People bitch all the time about how the music scene in their town used to be better. Clue: It never was. It just seemed like that while you were the carefree 20-something pounding 40s and chasing tail. Scenes ebb and flow, venues close and open, bands quit and new ones form. Nostalgia mostly serves to hold us back.
So let us not be overly nostalgic for the Lab, even though it would be easy. Missoula's preeminent punk house—a show venue, anarchist collective and living space—lasted about 10 years hosting local and out-of-town miscreants blasting loud and irreverent noises. A spacious, multi-bedroom home, by the end it was health-hazard grimy and the yard was strewn with broken bottles.
Punk houses are wonderful things, as long as you don't live there. It serves as both the show venue and the afterparty, all rolled into one filthy package. The Lab ended this summer when the property company kicked out the tenants to renovate it, and the last hurrah was a riotous Total Fest afterparty with several bands, including Brain Tumors, Guantanamo Baywatch, Tenement, Funeral and the Twilight, that went into the morning hours.
While the Lab is kaput, two venues have really come into their own. First, Zoo City Apparel, which offers earlier, all-ages shows in an expansive space. The host of killer bands that graced Zoo City this year included Mike Watt and the Missingmen and Thee Oh Sees on back-to-back nights.

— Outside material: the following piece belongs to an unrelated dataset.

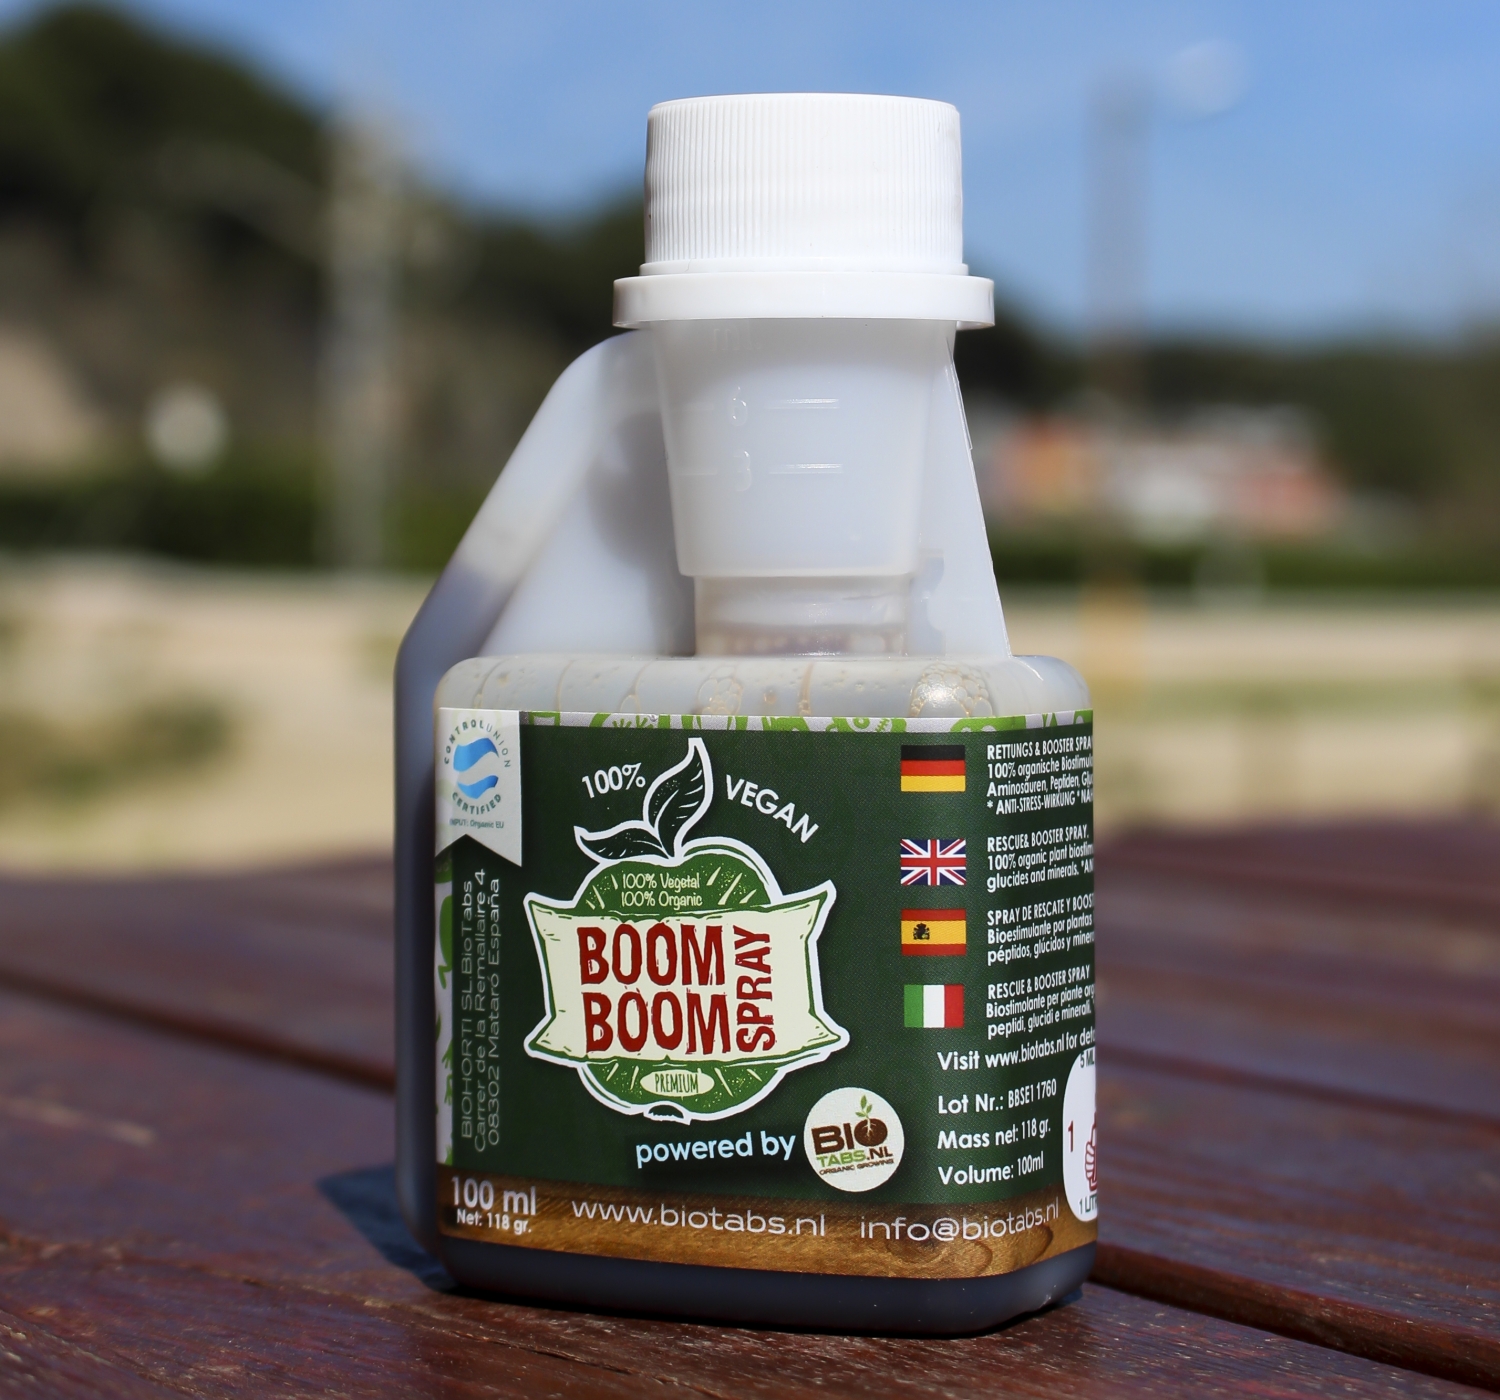 BoomBoom Spray by Bio Tabs

A rare week goes by that a touring band or Thursday night residency isn't going down at the "Ole Beck" VFW on Main Street, home of the mighty 32-ounce dad can and some of the most welcoming (and forgiving) bar staff in town. The VFW hosted one show that stands out in particular, a one-off punk covers tribute in May starring the Total Combined Weight fellas doing Minor Threat's discography. All kinds of riffraff showed up, lured by the timeless appeal of '80s hardcore, and packed the VFW with dancing and sweaty bodies. They then partied into the wee hours afterward. If you had, say, just moved back to town a few days prior and were powerfully reminded how welcoming and friendly this town can be, it was all the better.